Locate the line that contains "NLRanD banner" in the data that follows. Copy it and every subsequent line to the end, exactly, excluding pictures.

Given data:

################

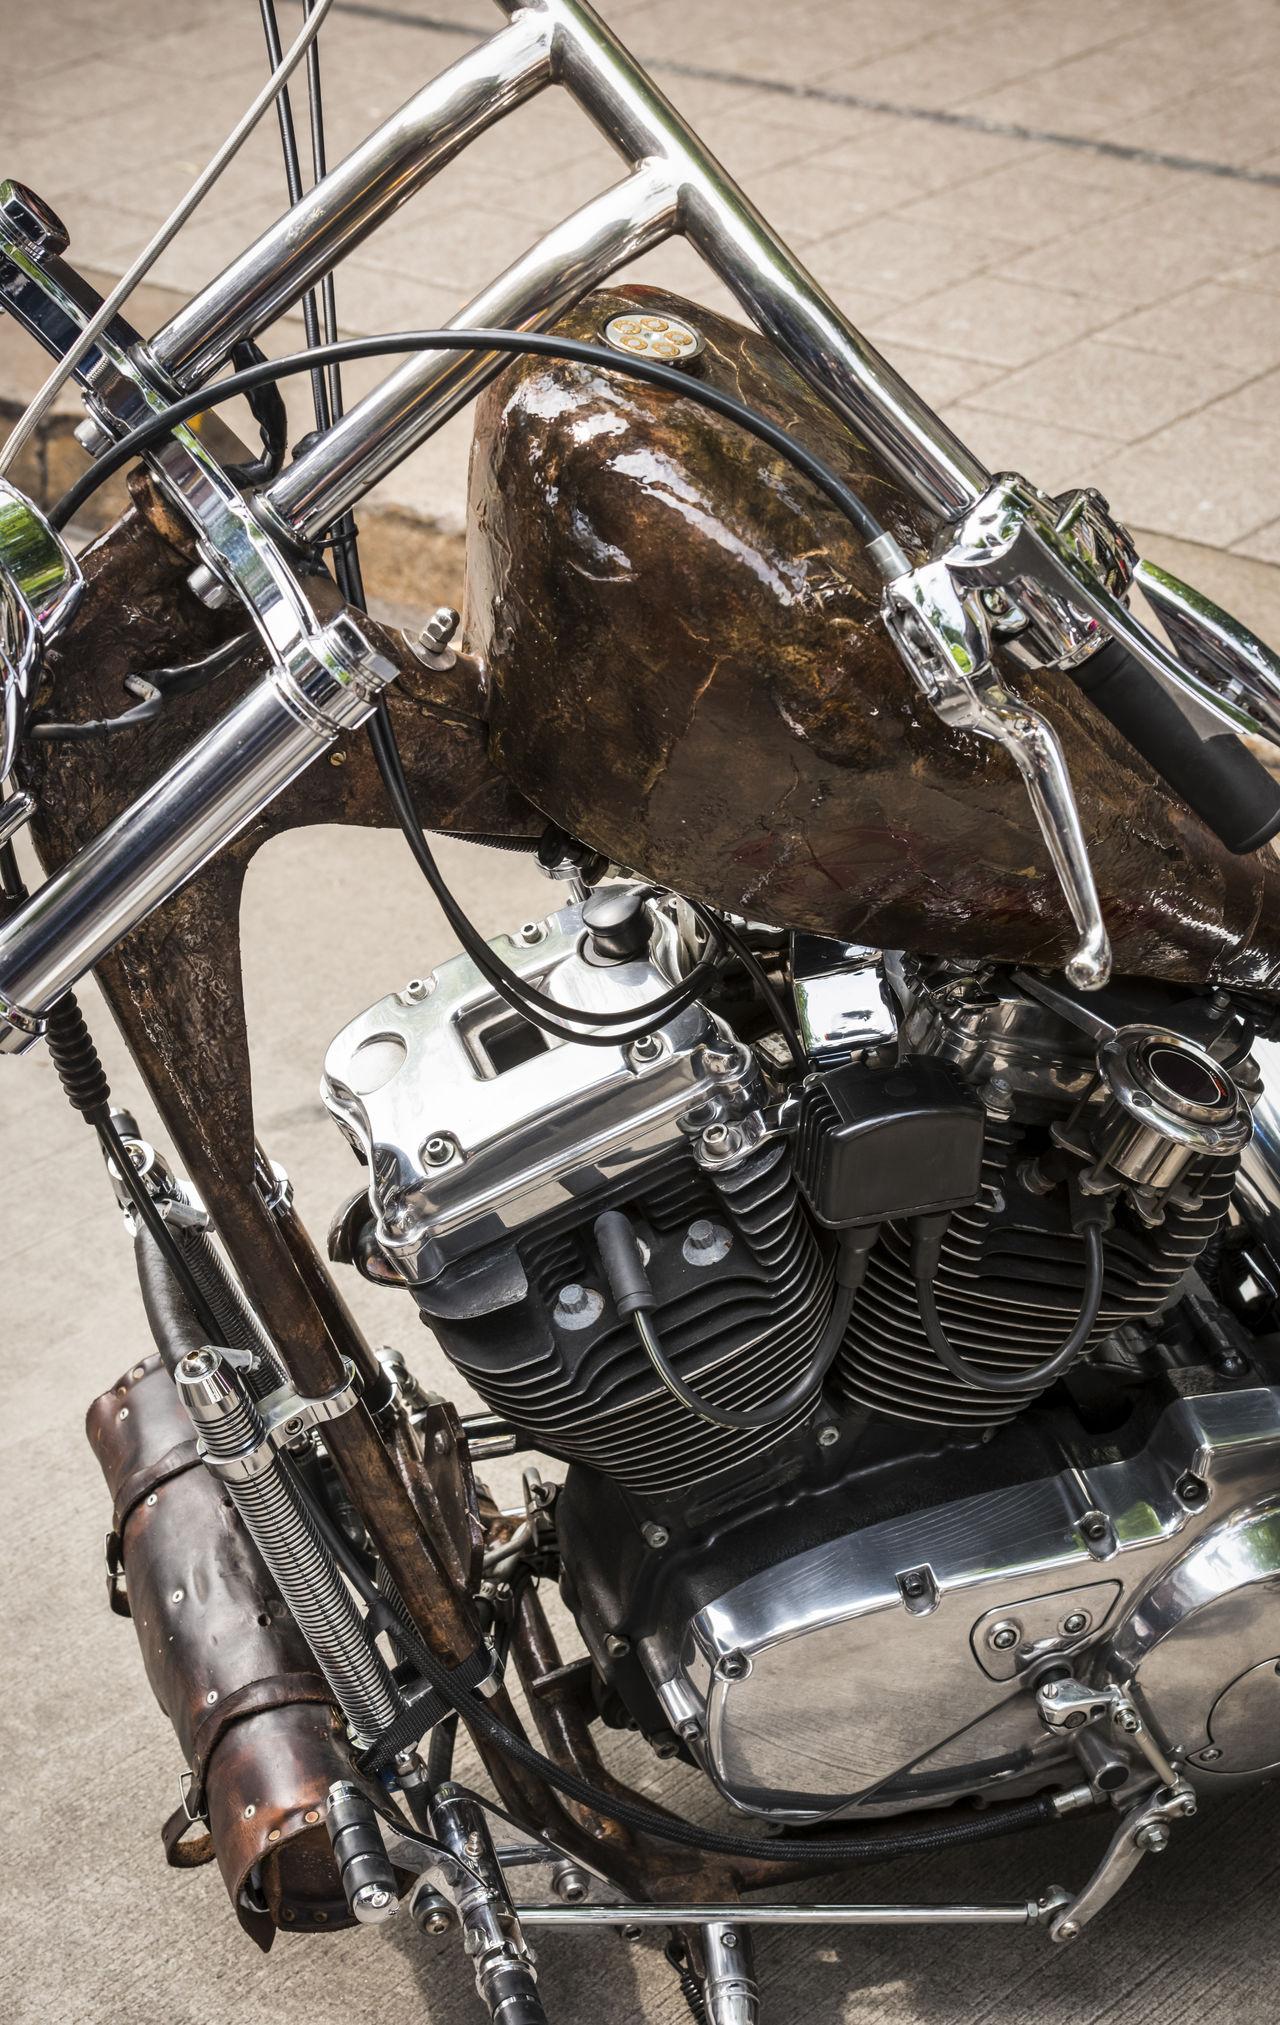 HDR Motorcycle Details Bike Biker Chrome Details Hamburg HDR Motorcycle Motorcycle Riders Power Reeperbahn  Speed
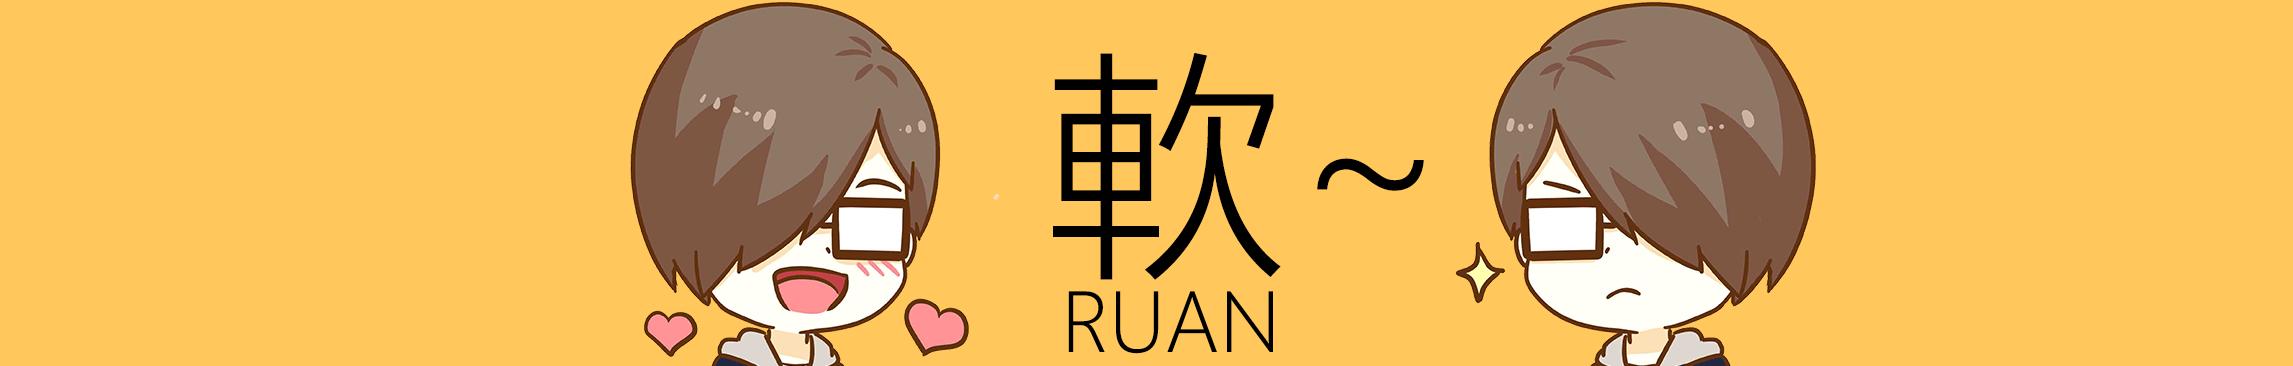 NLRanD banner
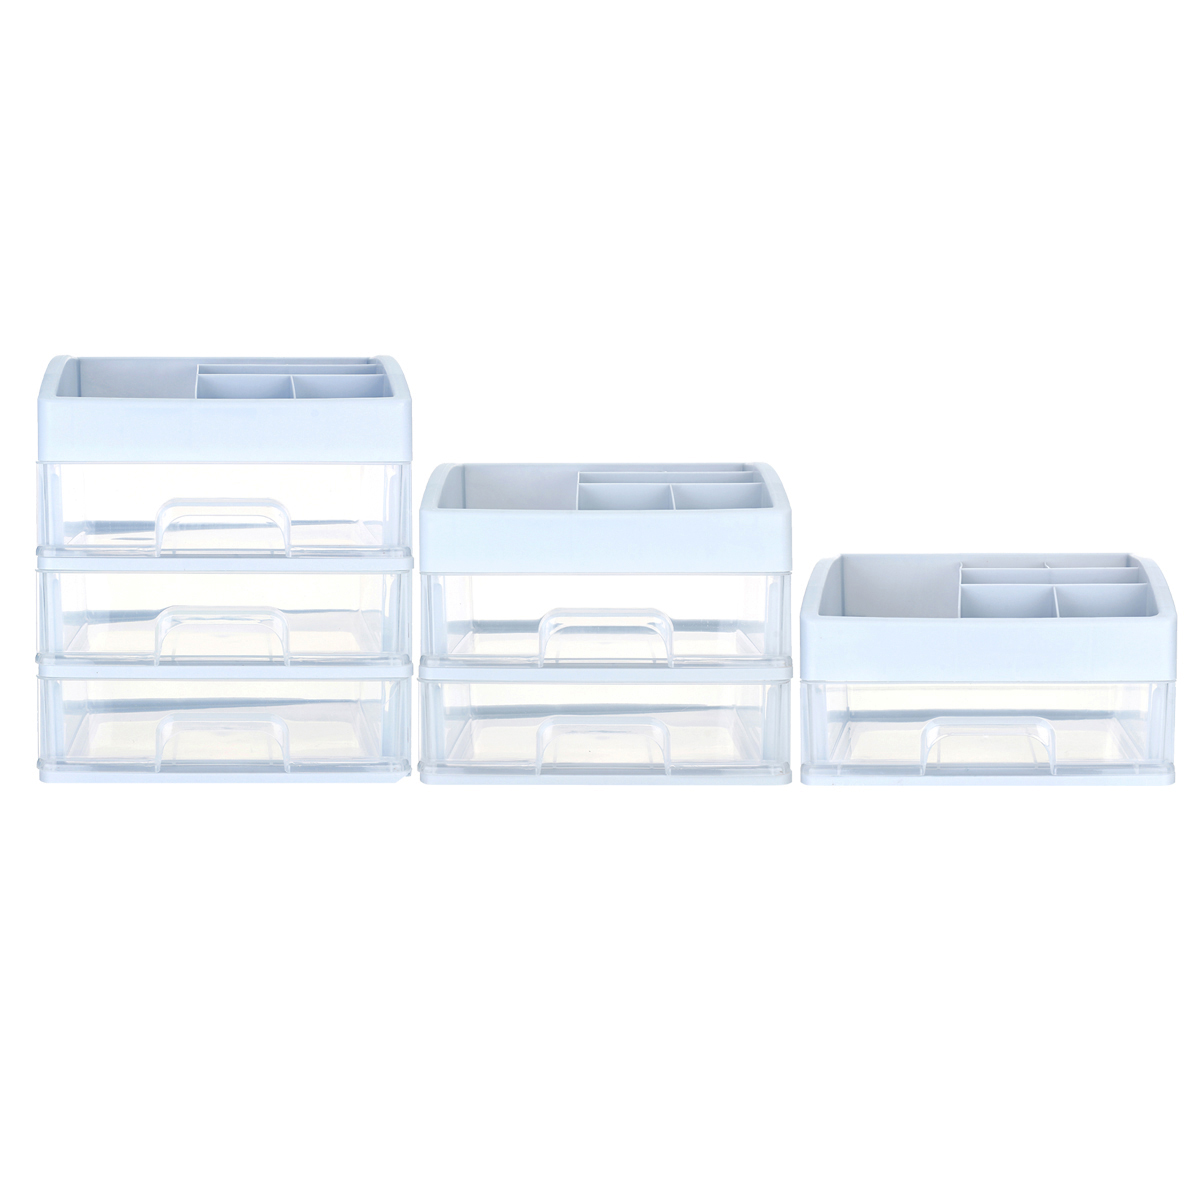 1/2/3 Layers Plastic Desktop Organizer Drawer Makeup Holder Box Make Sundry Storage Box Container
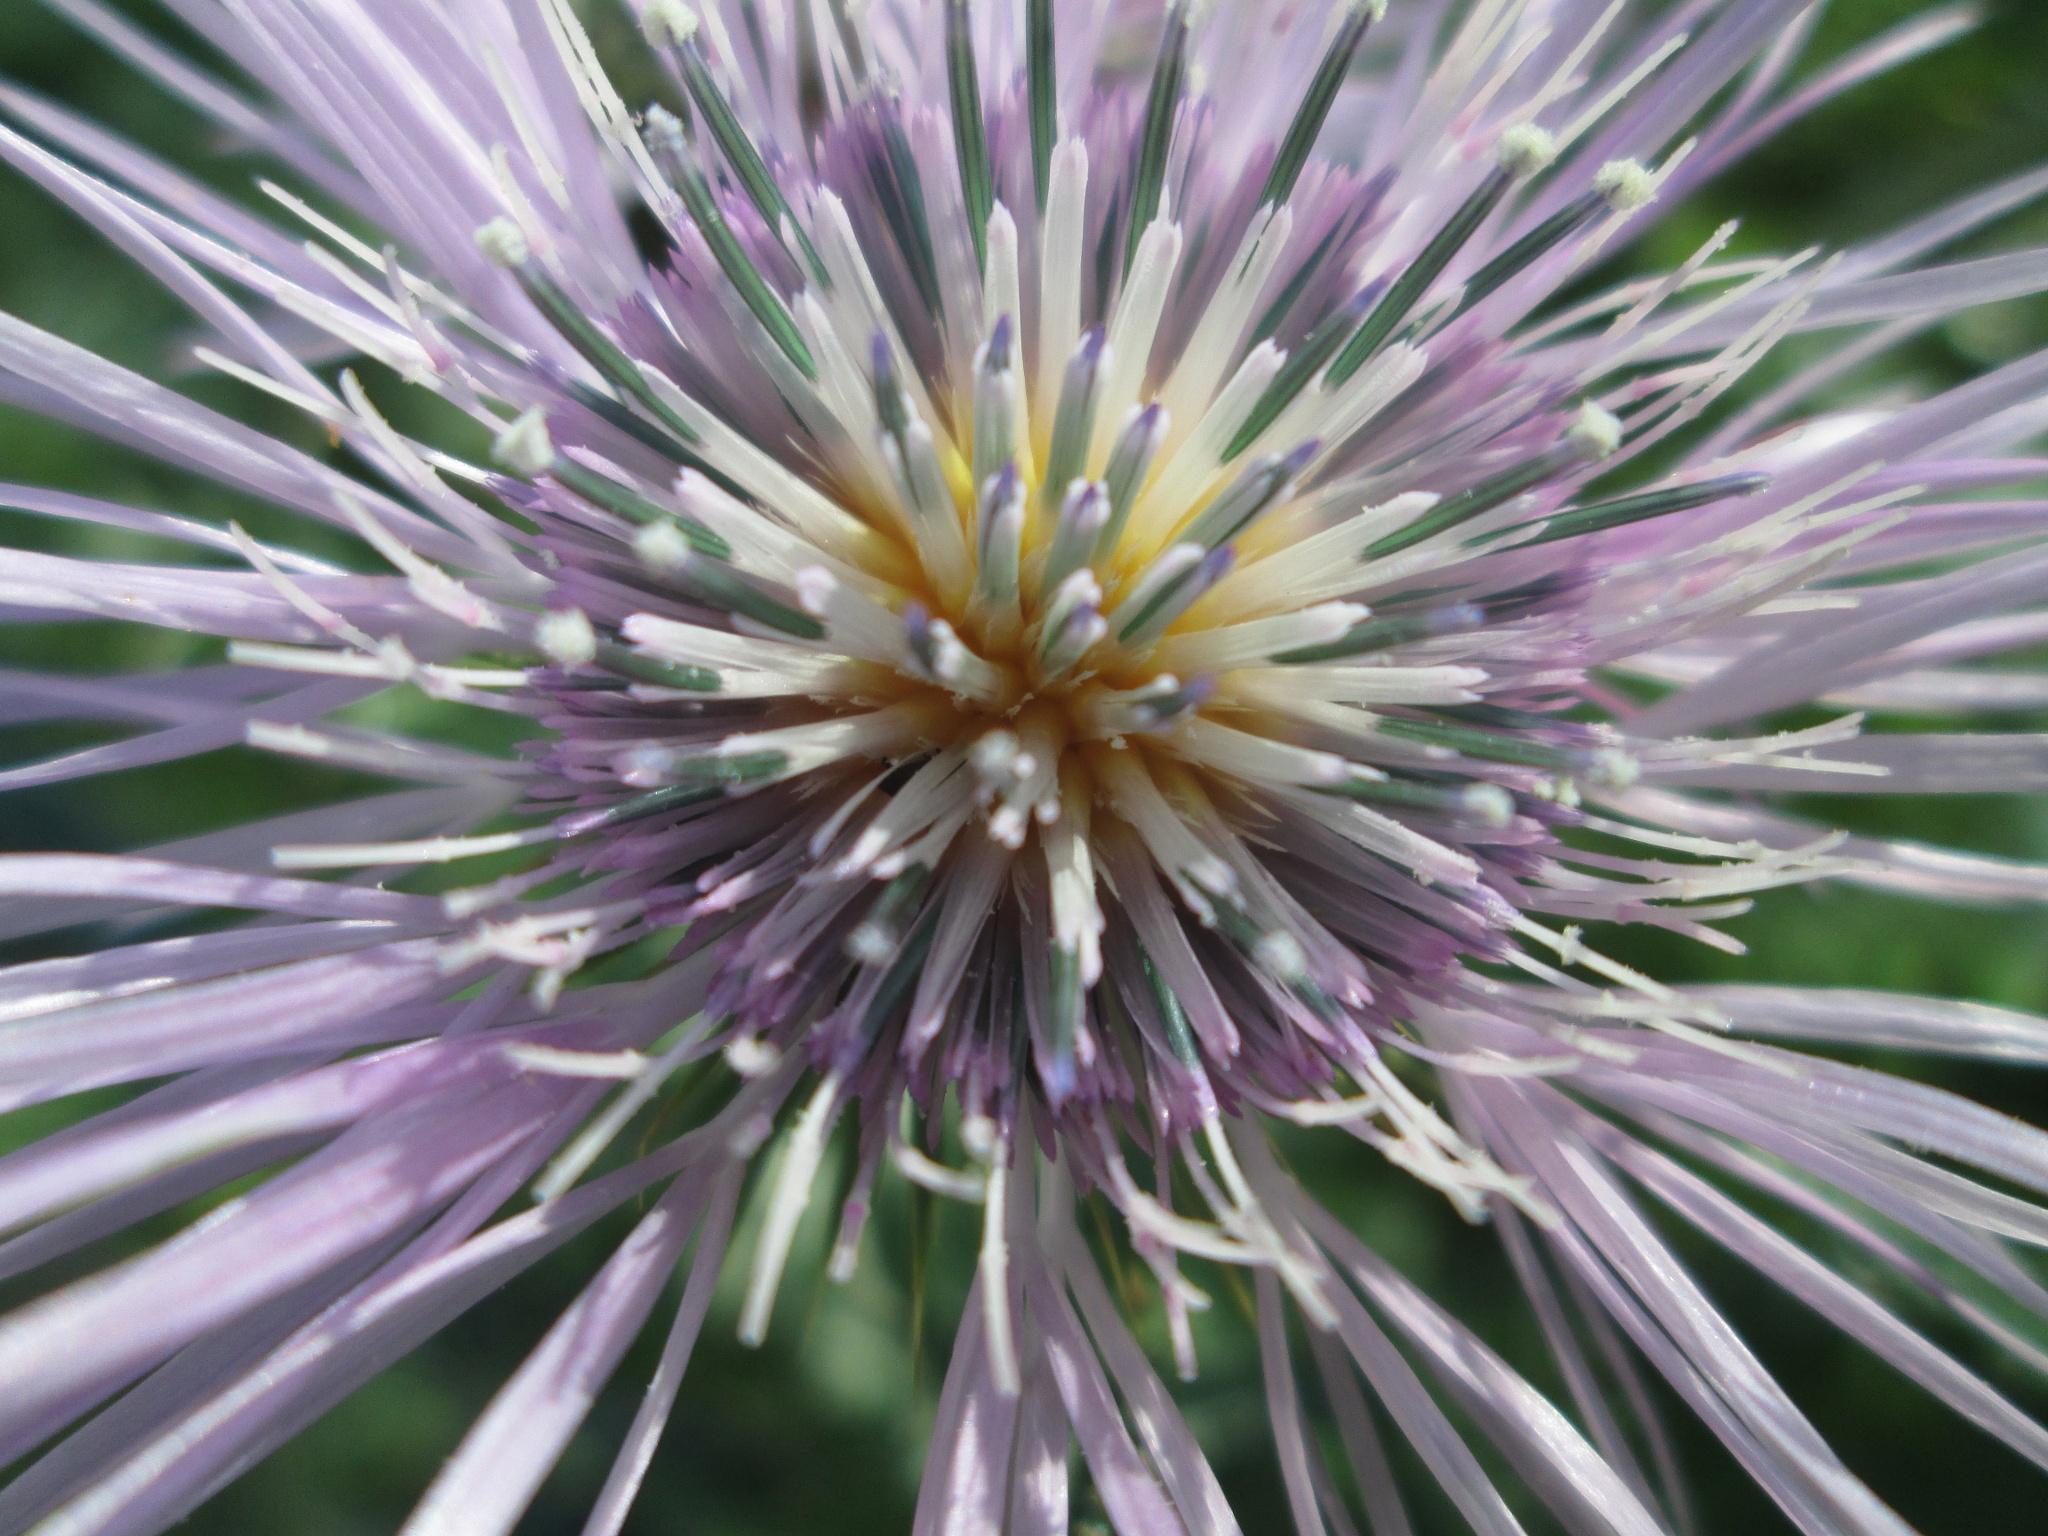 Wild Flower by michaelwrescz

################

Exercise solution:
 NLRanD banner
 1/2/3 Layers Plastic Desktop Organizer Drawer Makeup Holder Box Make Sundry Storage Box Container
 Wild Flower by michaelwrescz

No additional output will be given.